- [EXERCISE] In the entries below, which lines run from the one containing "[Free shipping, set" to the one containing "Willian Rast Patchwork"? Copy exactly those lines, ends included, and no others.

Data excerpts
[Start of section]

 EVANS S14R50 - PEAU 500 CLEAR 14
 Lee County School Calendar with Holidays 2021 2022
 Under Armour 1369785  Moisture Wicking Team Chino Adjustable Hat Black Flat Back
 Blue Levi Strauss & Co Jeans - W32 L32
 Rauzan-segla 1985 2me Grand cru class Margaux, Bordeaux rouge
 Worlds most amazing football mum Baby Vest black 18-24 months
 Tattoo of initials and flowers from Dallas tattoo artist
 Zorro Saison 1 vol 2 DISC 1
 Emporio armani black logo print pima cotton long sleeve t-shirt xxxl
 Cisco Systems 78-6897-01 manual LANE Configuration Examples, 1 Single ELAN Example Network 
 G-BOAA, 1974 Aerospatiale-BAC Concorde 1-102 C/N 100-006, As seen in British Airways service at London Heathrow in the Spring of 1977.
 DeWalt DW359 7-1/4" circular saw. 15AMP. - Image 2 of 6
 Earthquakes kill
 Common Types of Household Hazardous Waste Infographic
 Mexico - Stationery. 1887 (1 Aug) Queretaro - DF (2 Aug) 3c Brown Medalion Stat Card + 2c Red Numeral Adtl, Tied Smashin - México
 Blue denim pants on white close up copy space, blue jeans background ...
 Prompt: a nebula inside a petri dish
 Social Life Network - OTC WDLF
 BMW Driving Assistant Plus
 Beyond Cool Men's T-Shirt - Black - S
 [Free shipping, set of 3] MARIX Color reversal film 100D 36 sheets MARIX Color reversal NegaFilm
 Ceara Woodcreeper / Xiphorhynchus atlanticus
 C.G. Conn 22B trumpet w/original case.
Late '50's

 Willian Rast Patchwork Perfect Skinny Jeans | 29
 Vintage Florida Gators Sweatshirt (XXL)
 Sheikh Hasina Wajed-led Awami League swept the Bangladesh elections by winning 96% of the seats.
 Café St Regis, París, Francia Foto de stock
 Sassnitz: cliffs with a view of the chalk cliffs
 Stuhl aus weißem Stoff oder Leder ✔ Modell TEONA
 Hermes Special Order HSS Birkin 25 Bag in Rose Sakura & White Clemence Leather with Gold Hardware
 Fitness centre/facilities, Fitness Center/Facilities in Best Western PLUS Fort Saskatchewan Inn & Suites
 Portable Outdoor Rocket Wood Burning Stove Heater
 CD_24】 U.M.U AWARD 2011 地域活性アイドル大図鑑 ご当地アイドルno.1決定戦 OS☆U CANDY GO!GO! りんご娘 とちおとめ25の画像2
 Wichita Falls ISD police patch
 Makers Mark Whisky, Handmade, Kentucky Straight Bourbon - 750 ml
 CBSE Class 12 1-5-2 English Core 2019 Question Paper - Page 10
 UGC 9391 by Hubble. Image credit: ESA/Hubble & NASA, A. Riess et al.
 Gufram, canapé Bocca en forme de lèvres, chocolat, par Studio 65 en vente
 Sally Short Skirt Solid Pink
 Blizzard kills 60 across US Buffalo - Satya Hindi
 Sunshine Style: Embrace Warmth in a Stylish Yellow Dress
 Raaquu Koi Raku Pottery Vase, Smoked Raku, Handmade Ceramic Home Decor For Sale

[End of section]

- [EXERCISE SOLUTION]
 [Free shipping, set of 3] MARIX Color reversal film 100D 36 sheets MARIX Color reversal NegaFilm
 Ceara Woodcreeper / Xiphorhynchus atlanticus
 C.G. Conn 22B trumpet w/original case.
Late '50's

 Willian Rast Patchwork Perfect Skinny Jeans | 29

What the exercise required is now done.